With Zoltan Haindrich, we have been brainstorming about the next steps after the 4.0.0-alpha-1 release.

We come up with the following plan:
- Define a desired scope for the 4.0.0 release
- Release minimally quarterly - create alpha release(s) until the scope is reached
- If the scope is reached - create a beta release
- For fixes - create a beta release
- If we are satisfied with the quality of the release then we can release the Hive 4.0.0
- Keep up with the quarterly release cadence

Until now we collected the following items which could be part of the scope:
- Java 11 upgrade (minimally)
- Hadoop 3.3 (needed to the Java 11 upgrade)
- Full Iceberg integration (Read, Write, Delete, Update, Merge)
- Clean up the HMS API interface (deprecate old methods which are already released, remove unreleased methods which have not been released yet, use/create methods with Request objects as parameters instead of Context objects)
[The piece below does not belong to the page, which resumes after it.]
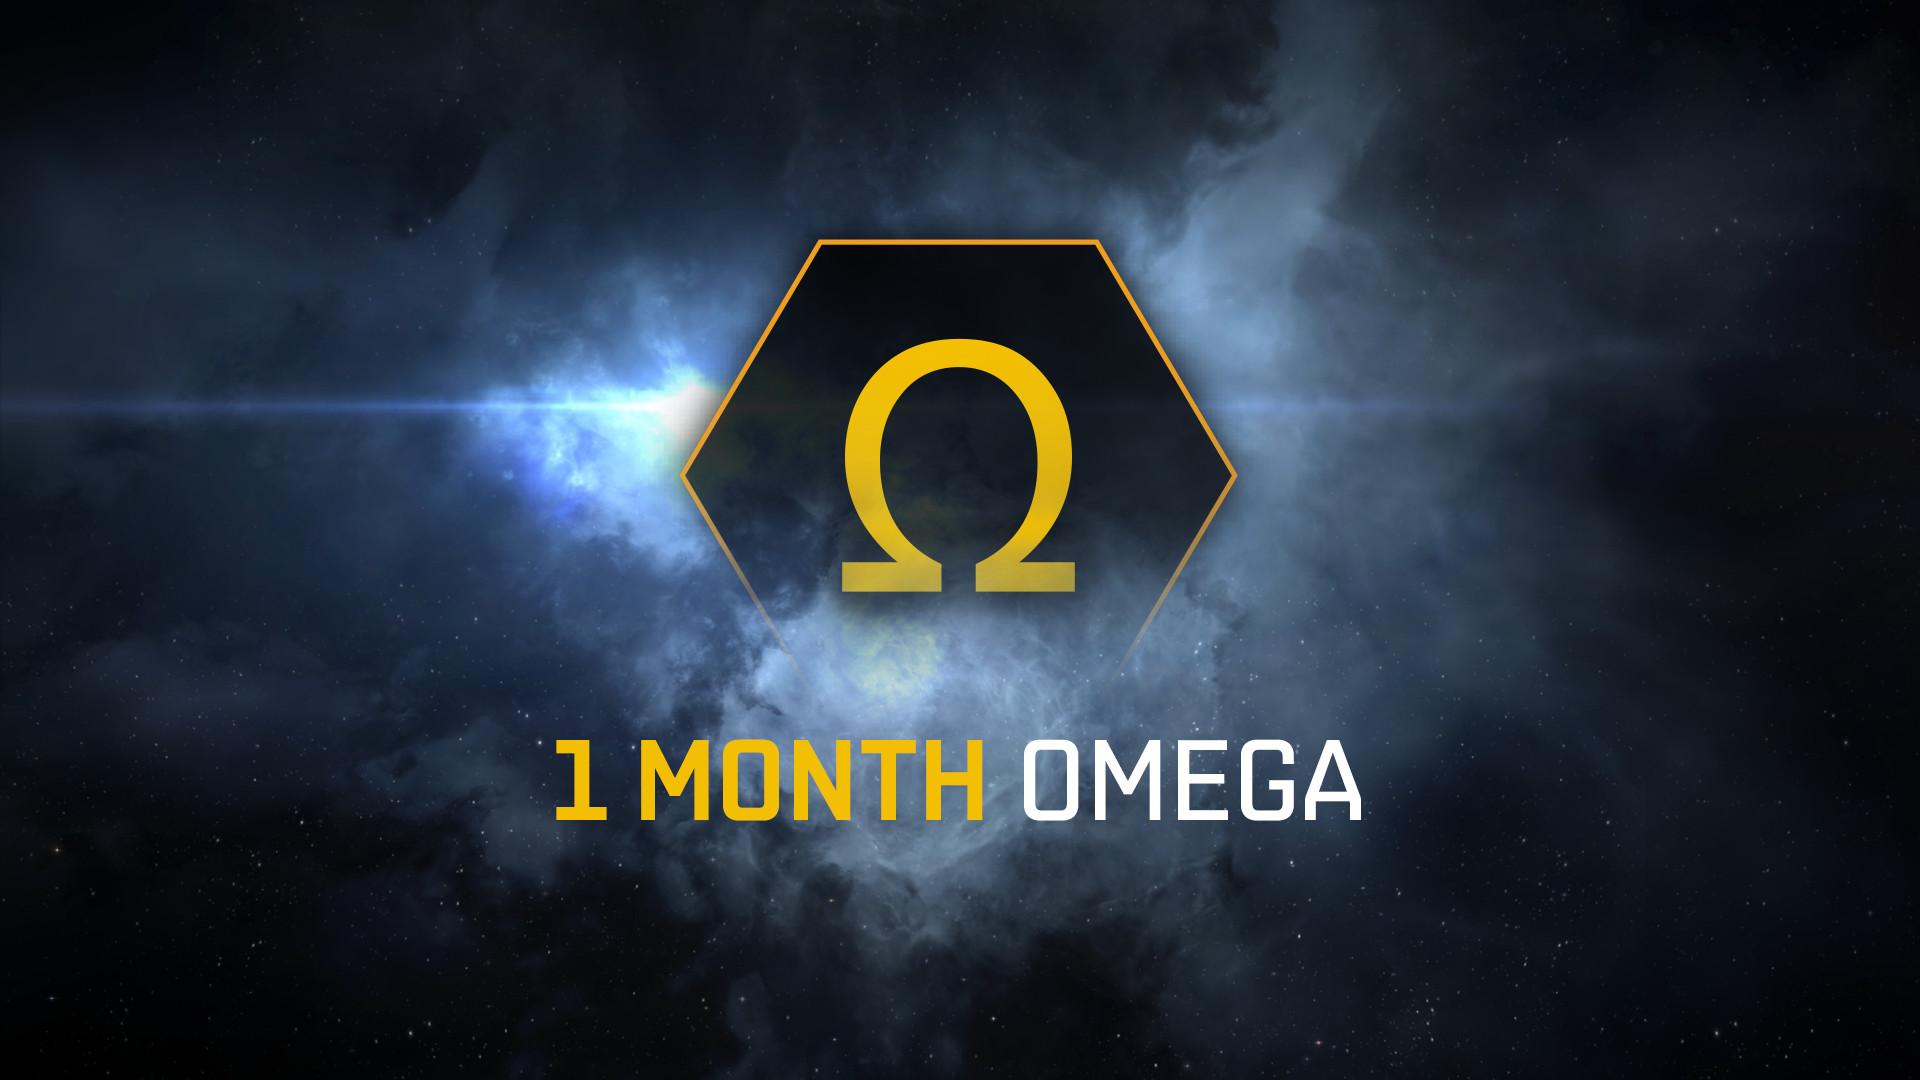 EVE Online: 1 Month Omega Time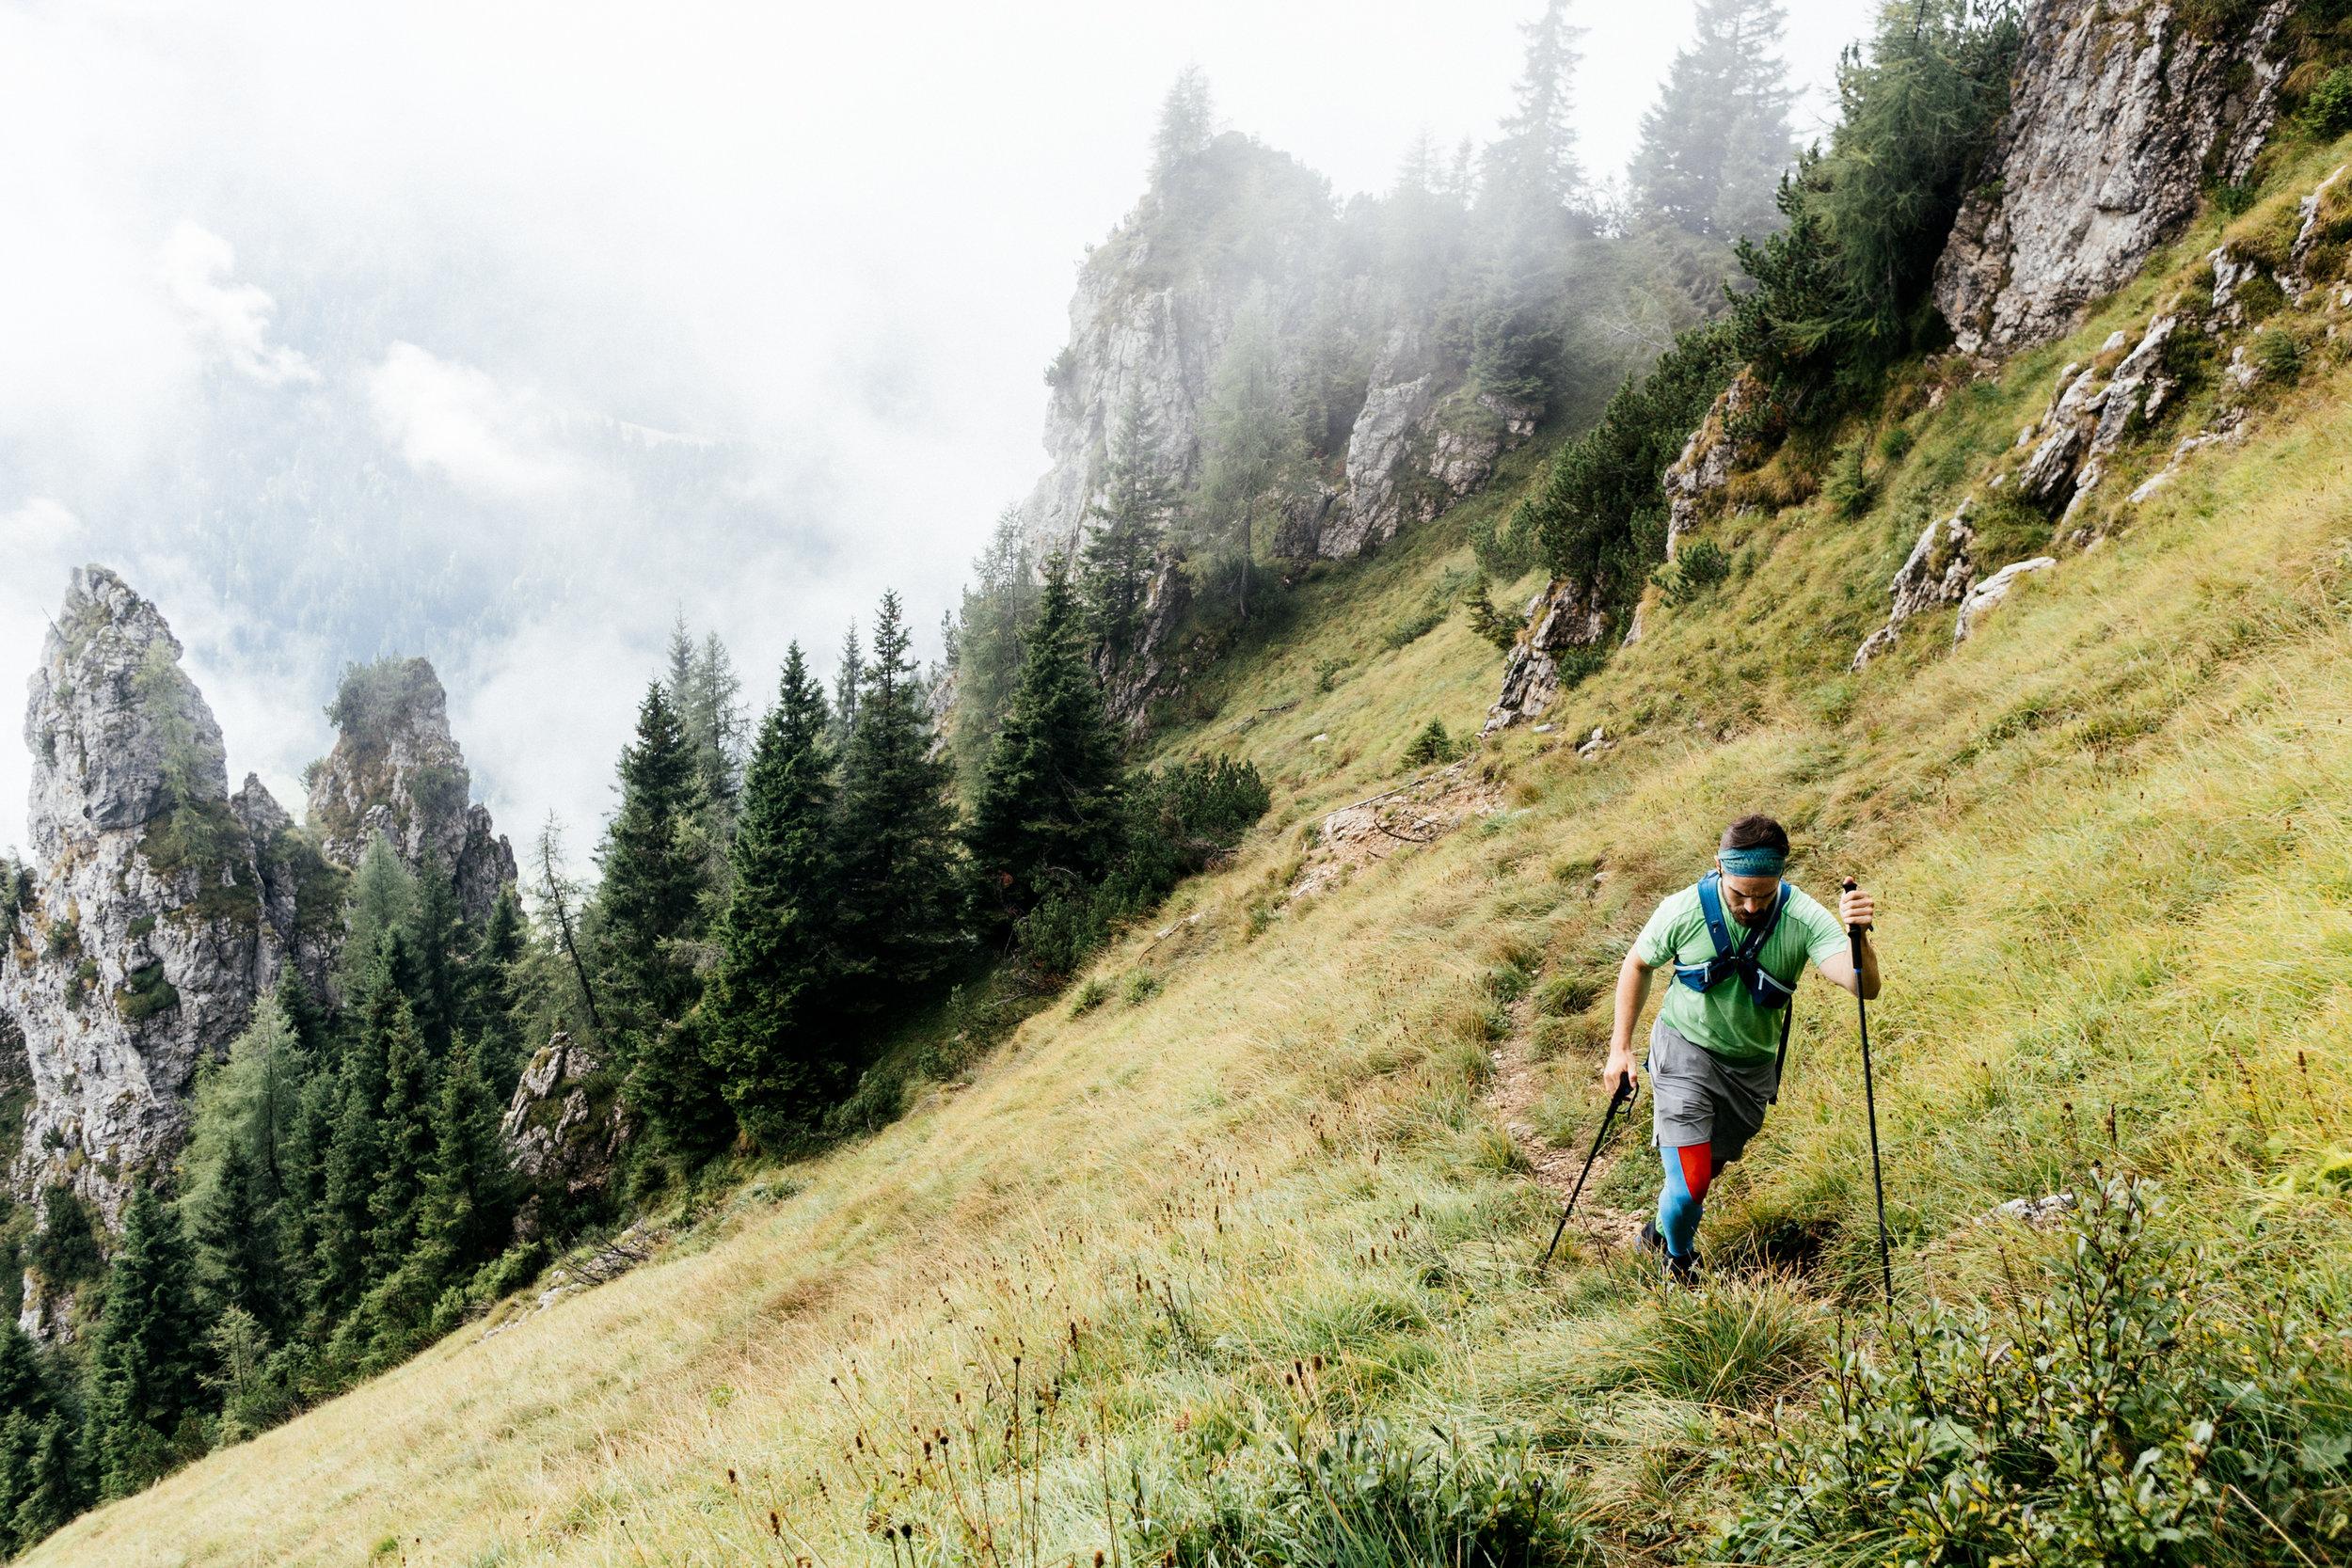 Dolomites-ChrisBrinleeJr-SEP17-29.jpg

We might want to collect information about the usage of specific modules, and might deprecate some based on the feedback (remove them from the release or at least mark them deprecated), so we can reduce the project complexity based on the info. Some features which pooped up:
- HCatalog
- WebHCat
- Pig integration
- ??

We would be interested on any feedback for this plan / scope / deprecation. Feel free to suggest any additions or removals from these lists, or even propose an entirely different plan.
Also if you would like to take over specific tasks, feel free to grab it, and start working on it or start discussing it.

Thanks,
Peter

Re: Release candence

Posted by Stamatis Zampetakis <za...@gmail.com>.
Thanks Peter and Zoltan for starting this discussion. Apologies for the
delay but I had the impression that I already sent this email.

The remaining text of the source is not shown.